There is a set of standard topics, each responsible for implementing a delay in message processing of some specific length. For example, one minute, ten minutes, half an hour, an hour, and so on.
For each topic, we have a standard personal consumer that performs the following relatively simple operations. It reads the next message and looks if the expected delay has expired, relative to when the message was added to the topic.
If no, it gets a pause and waits to satisfy the required delay (we have already implemented this operation in the context of SBE handling). After that, it sends the message in the next topic, defined by the standard header, and resumes consumption.

The whole message processing delay for an arbitrary period is realized by decomposing the value into a sequence of fixed delays. Then, the topics’ route is added as some message header, which is updated with each subsequent transfer. For example, if we want to arrange execution delay for 17 minutes, the route will look like “delay_10, delay_5, delay_1, delay_1, DelayedMessagesTopic”. Finally, the message is sent to the first queue that implements the fixed delay; in our case, it is “delay_10”. In the end, the dedicated consumer of “delay_1” sends the message into “DelayedMessagesTopic” for re-processing by an application.

As the application can enrich the message with the set of delay related headers, we don’t have to store the iteration process context in the memory and can pass it along with the message. As a minimum, we need for the next headers: “X_DELAY_ROUTE” (list of the delaying topics), “X_DELAY_COUNTER” (the number of the current iteration), “X_DELAY_REASON” — for the logging, and so on.

The next diagram can illustrate this consequence of operations:

The important note: since we need to preserve the mutual order of messages, we must use partitions with the same number as the partition in the original topic when passing from topic to topic.

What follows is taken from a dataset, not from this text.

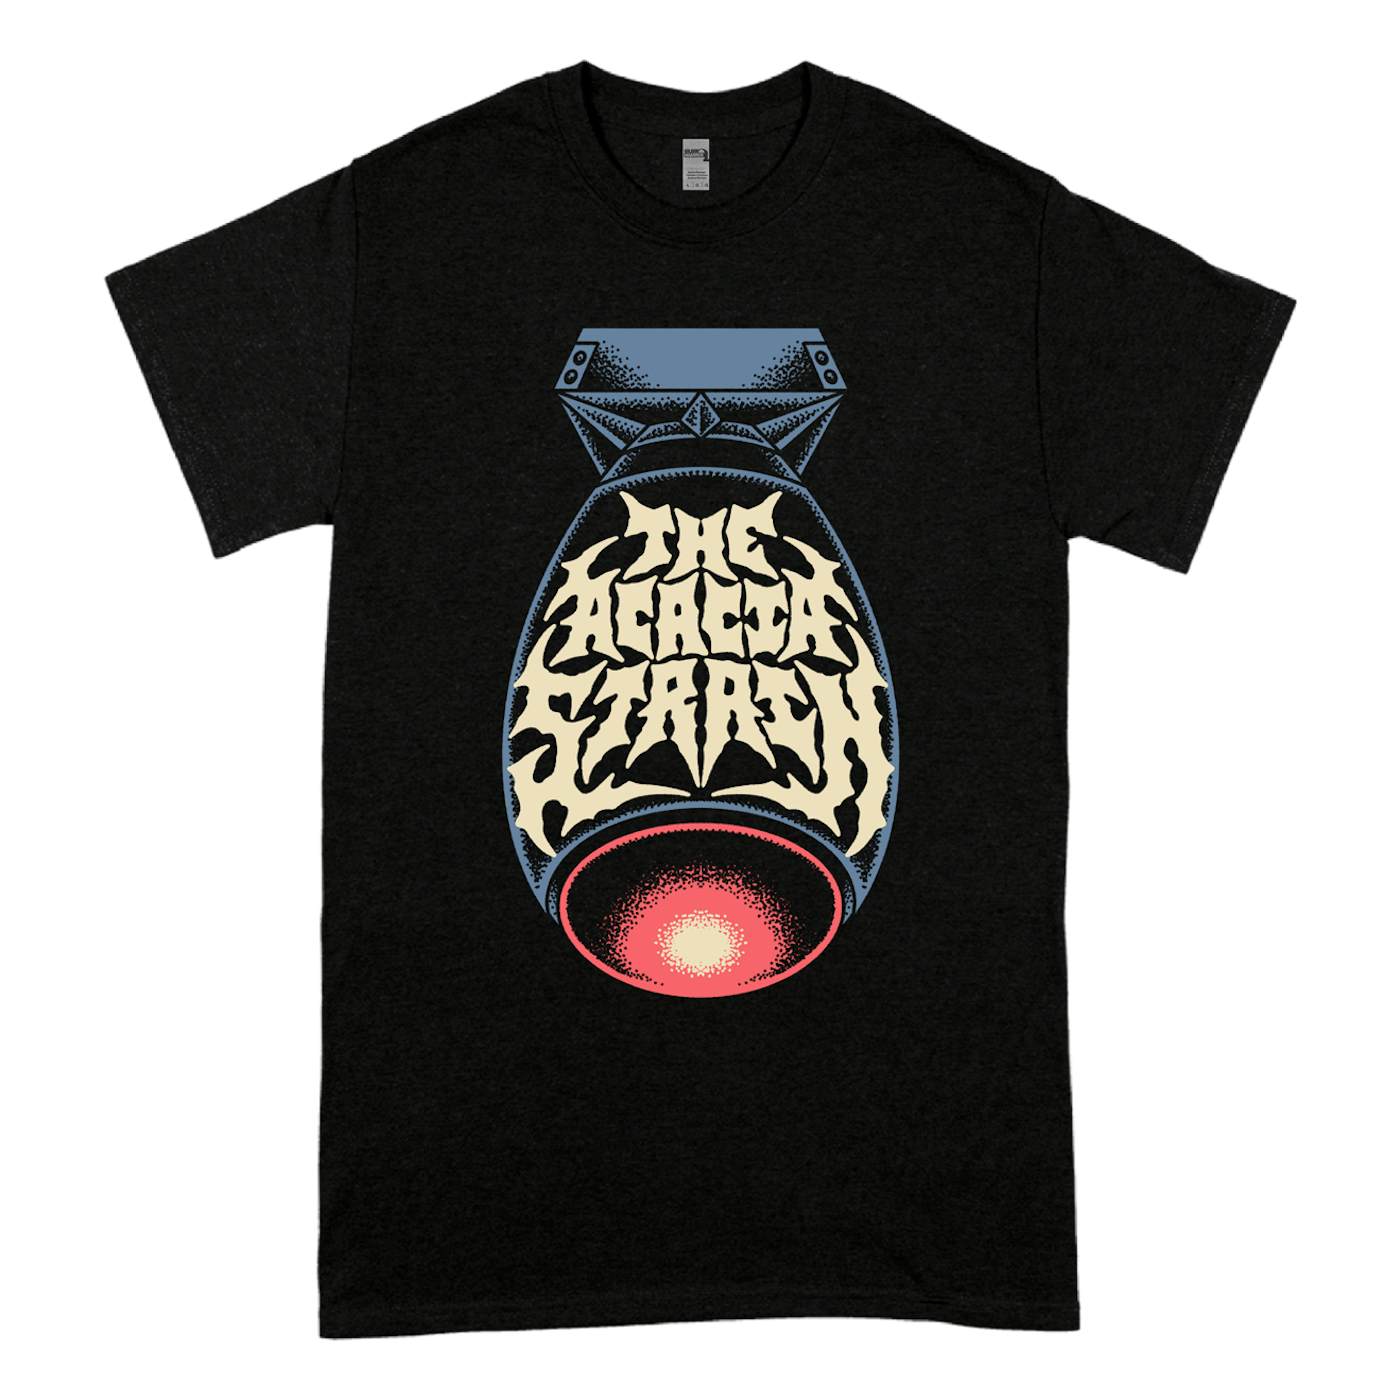 The Acacia Strain "War" T-Shirt

If messages contain a lot of data, we can significantly reduce traffic passing the postponement message. Such reduction is possible if we do not include the whole original message in the “ delayed” message, but only a pointer to it in the form of <topic name / partition number / offset>. In this case, the scheduler at the last stage, instead of forwarding the message itself to the incoming service topic, must: extract a reference to the original message from it, read the original message, clone it and send the resulting copy to the service for processing. In this case, the original topic’s retention setting should allow the message to survive to the end of the delaying process. This technique will be discussed in more detail a little later in the “What to do with DLQ” section.

This technology is slightly more complicated in terms of implementation but has several fundamental advantages: completely event-driven architecture and Unlimited horizontal scalability. The main problem is manageability: while a pending message travels between topics, we have no single point to get information about it or re-process it immediately.

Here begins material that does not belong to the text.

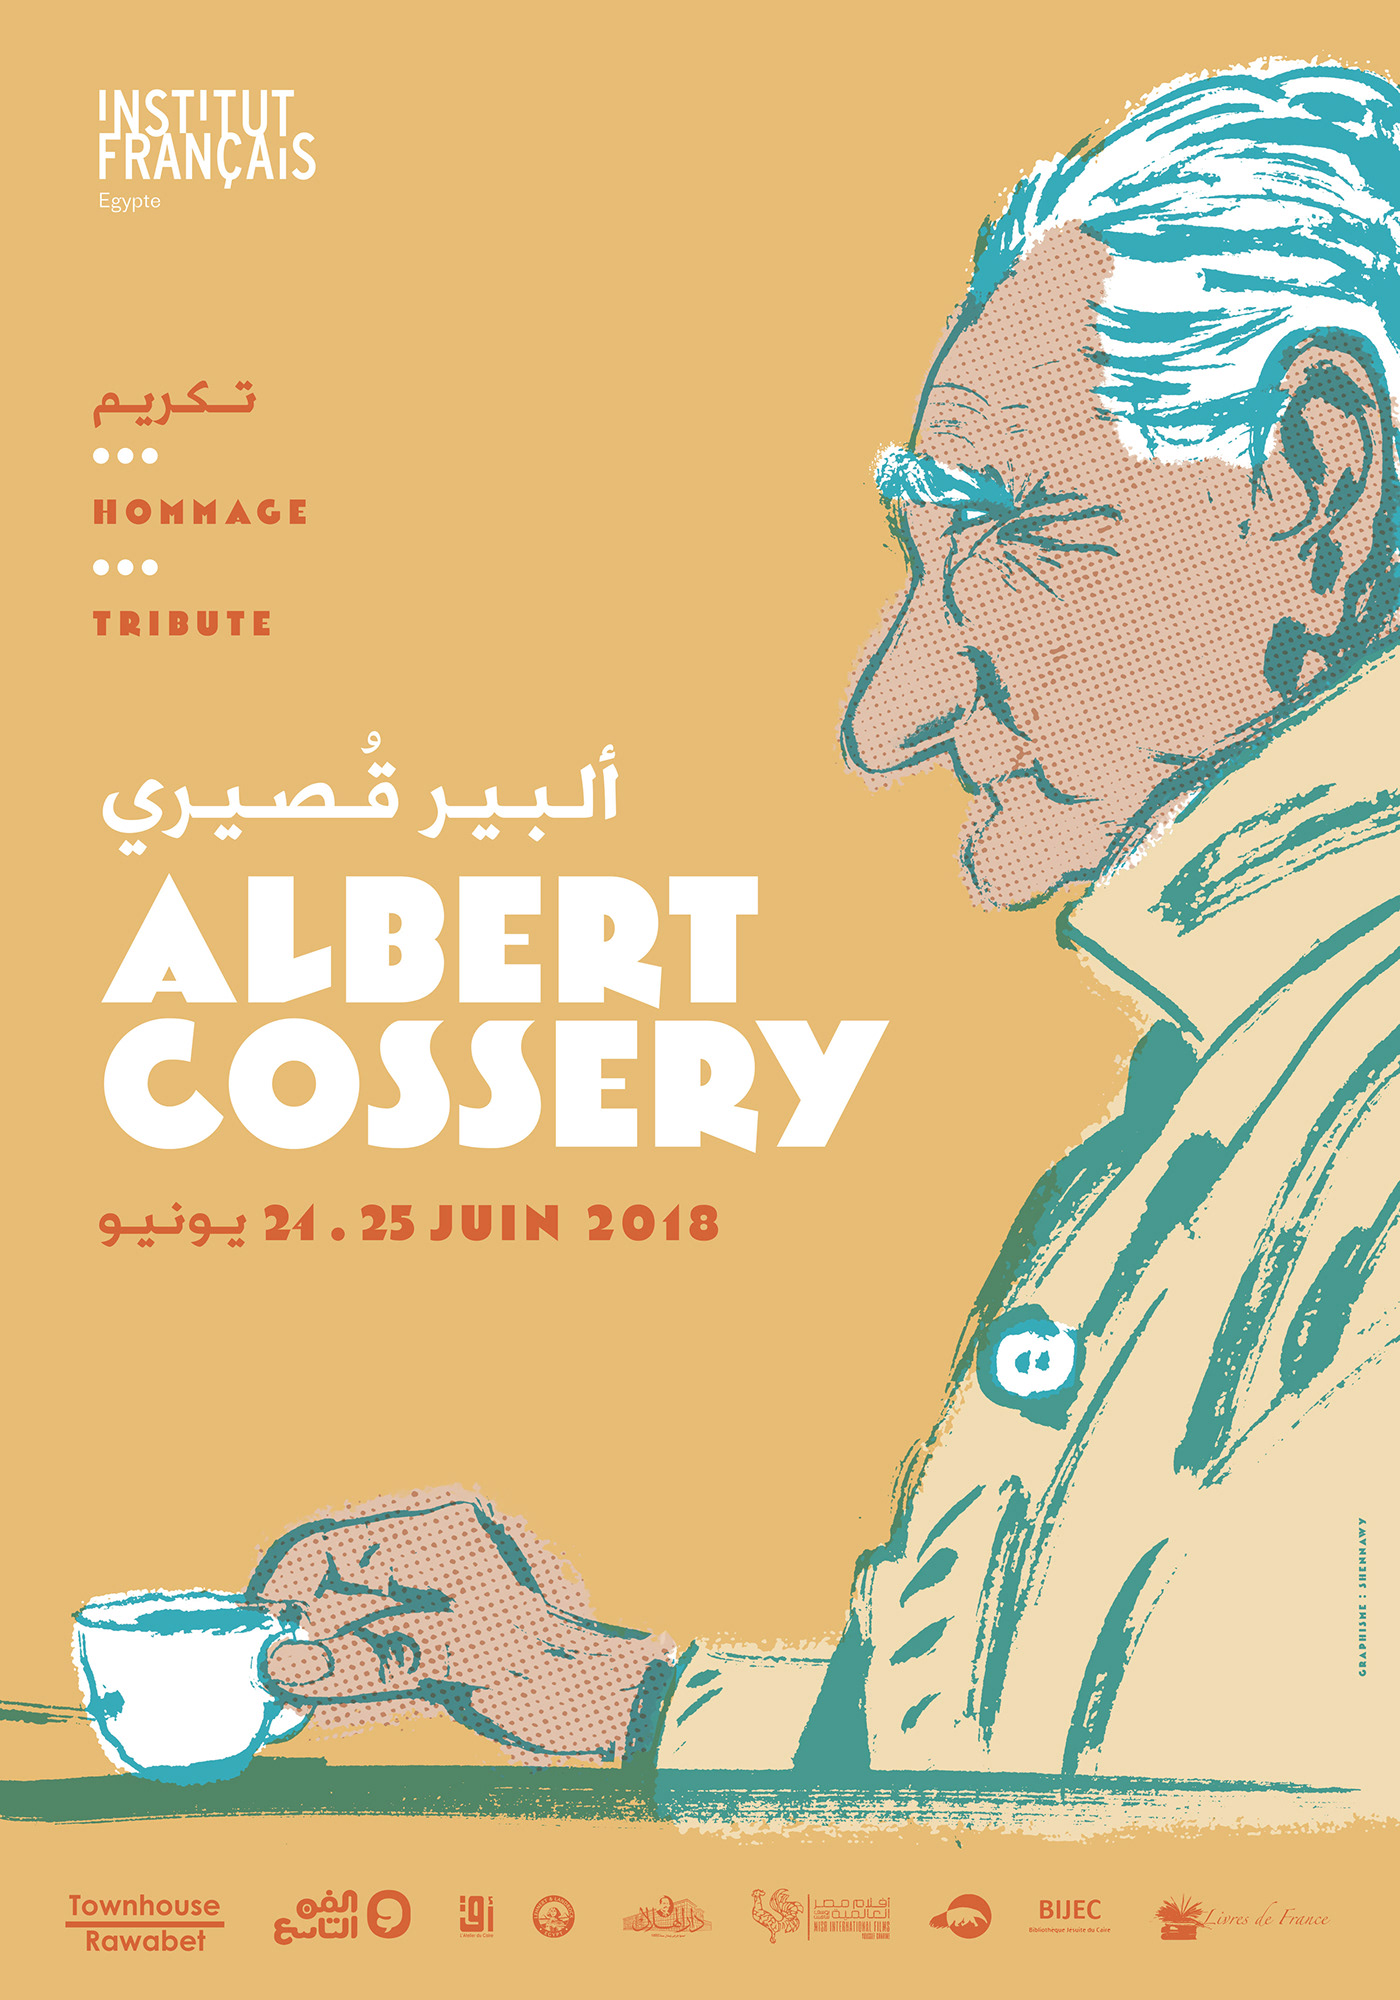 Albert Cossery Cossery shennawy cairo Egypte IFE Egypte

Deployment: a local storage VS a dedicated service

In the case of using a relational database as storage, a dedicated service is not an option at all since using only one database instance will significantly reduce throughput.

Besides, if one of the services starts generating too many “delayed” messages, it will slow down the similar functionality for other services.
At best, the services will not be runtime independent; at worst, a negative feedback cycle can be achieved.

Although it is an attractive idea — it allows you to have a central point of control and monitor all re-processing messages.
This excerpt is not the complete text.